“The first step in crafting the life you want is to get rid of everything you don’t.”
― Joshua Becker
I love that quote because it really doesn’t just apply to our possessions. It really applies to the whole of our lives.
I’d been wanting to take some old ski equipment to consignment for a while and I finally did it yesterday, along with some ice skates. When I went to collect them from a corner in the basement, I can’t say I didn’t feel a pang of nostalgia or thoughts of “What if I need them again?” or “Suppose someone comes to visit and wants to go ice skating?” The truth is those ski boots never fit well no matter how many times I had them refitted, and the last time I was ice skating was, well, a while ago. Quite a while ago.
Everything was still in really good condition, and why not let someone else have them and enjoy them for a super reduced price? I cannot begin to tell you how good it felt to let go of these things. I’ve used them, enjoyed them, and have good memories of good times but the truth is that those times are what I want to hold on to, not the items themselves.
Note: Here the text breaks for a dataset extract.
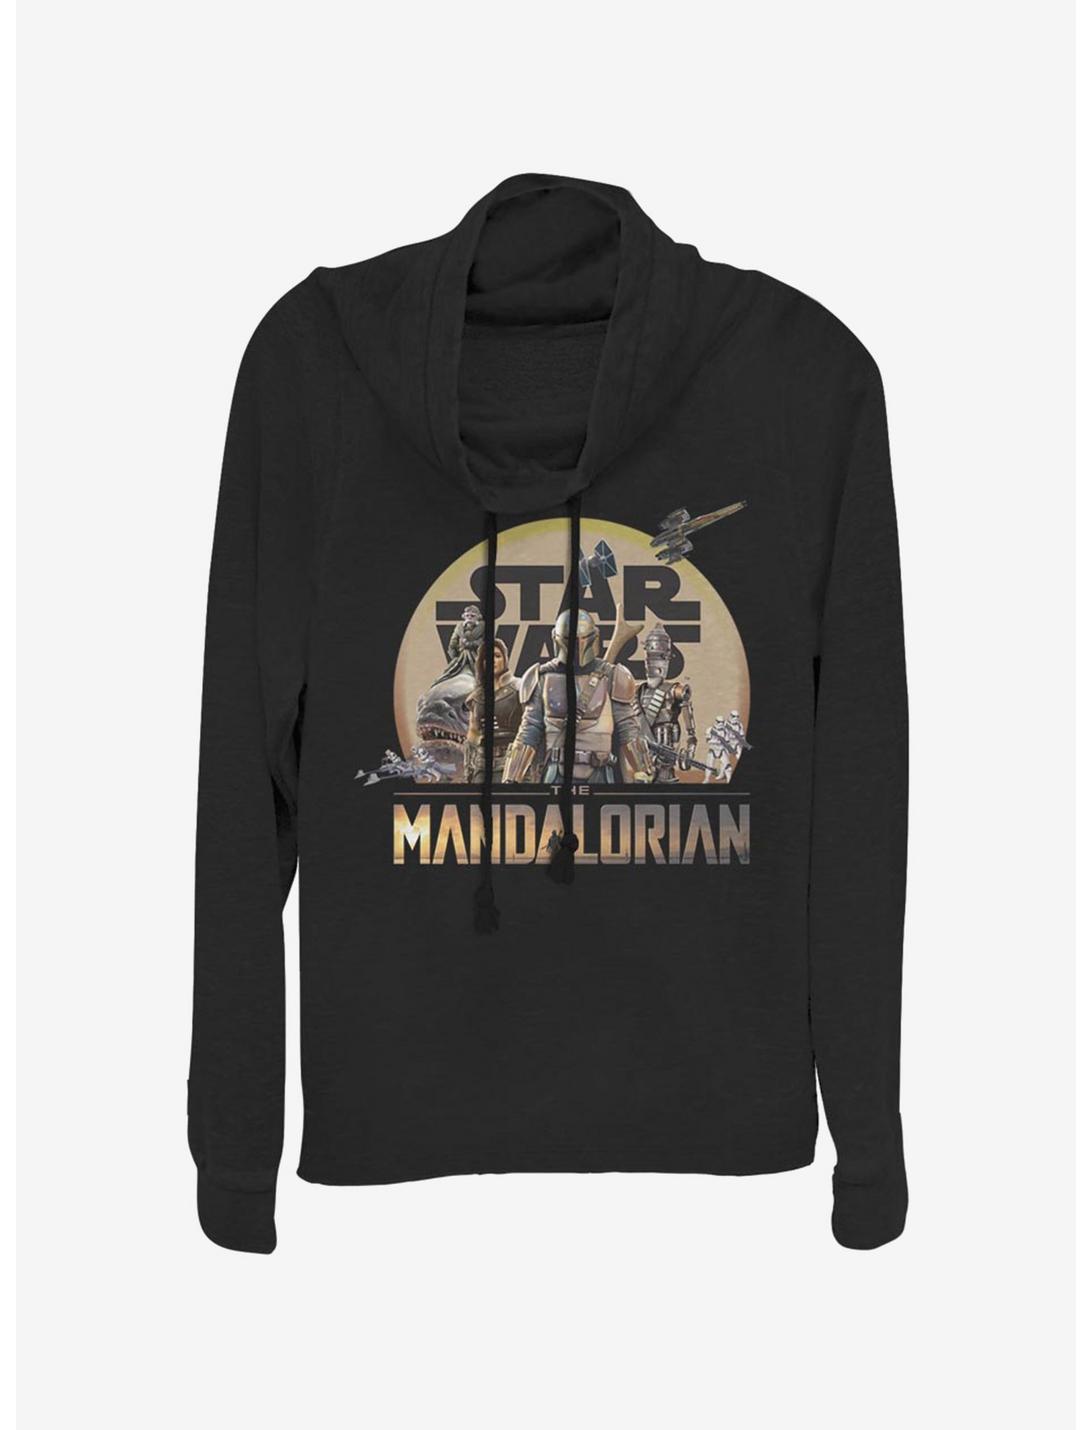 Star Wars The Mandalorian Charcter Action Pose Cowlneck Long-Sleeve Womens Top, BLACK, hi-res

I was having a conversation the other day with my son who informed me that he would prefer to keep the “stuff” he accumulates in life to a minimum, at least at this point in time. This seems to be a prevalent attitude these days among younger people, which I think is great. They don’t have the same emotional connection to things that I was raised with. Having spent the first half of my life accumulating possessions, I realize my goal now is to divest myself of them. I want less – less stuff, less clutter, less to take care of, less to concern myself with. I want more, too – more free time, more energy, more peace and more orderliness.
So one of my major goals for the year is to downsize my stuff. I’m starting – don’t laugh – with 5 minutes a day. My goal is 5 minutes a day, 5 days a week. (I get two days off.) I’ll set a timer and declutter for those 5 minutes. If I’m motivated to continue I will, but I don’t have to. (I’ve gotten a lot of big projects done this way!) I’ve zeroed in on my home office as the place to start. I’ve got a box to donate what I no longer need, and a shredder to get rid of old papers and files.
In coaching, we encourage our clients to discover their Big Why – the compelling reason for why they want to achieve their goal. It’s the motivation that keeps you going when you want to give up. When I boil it down to that, my Big Why is having less stuff so that I can have more life – more time for people, creative work, experiences, reading, fun!
Is there something you want to achieve this year? Start a new career, maybe, or start a plant-based diet? Reduce debt, get your finances in order? It could be anything. Maybe you want to spend more time with your family, volunteer, take a class, or take up a new sport. Before you get started, take some time to think about your Big Why. Write it down. Keep it somewhere you can see it regularly. It may be just the thing that takes you to the finish line.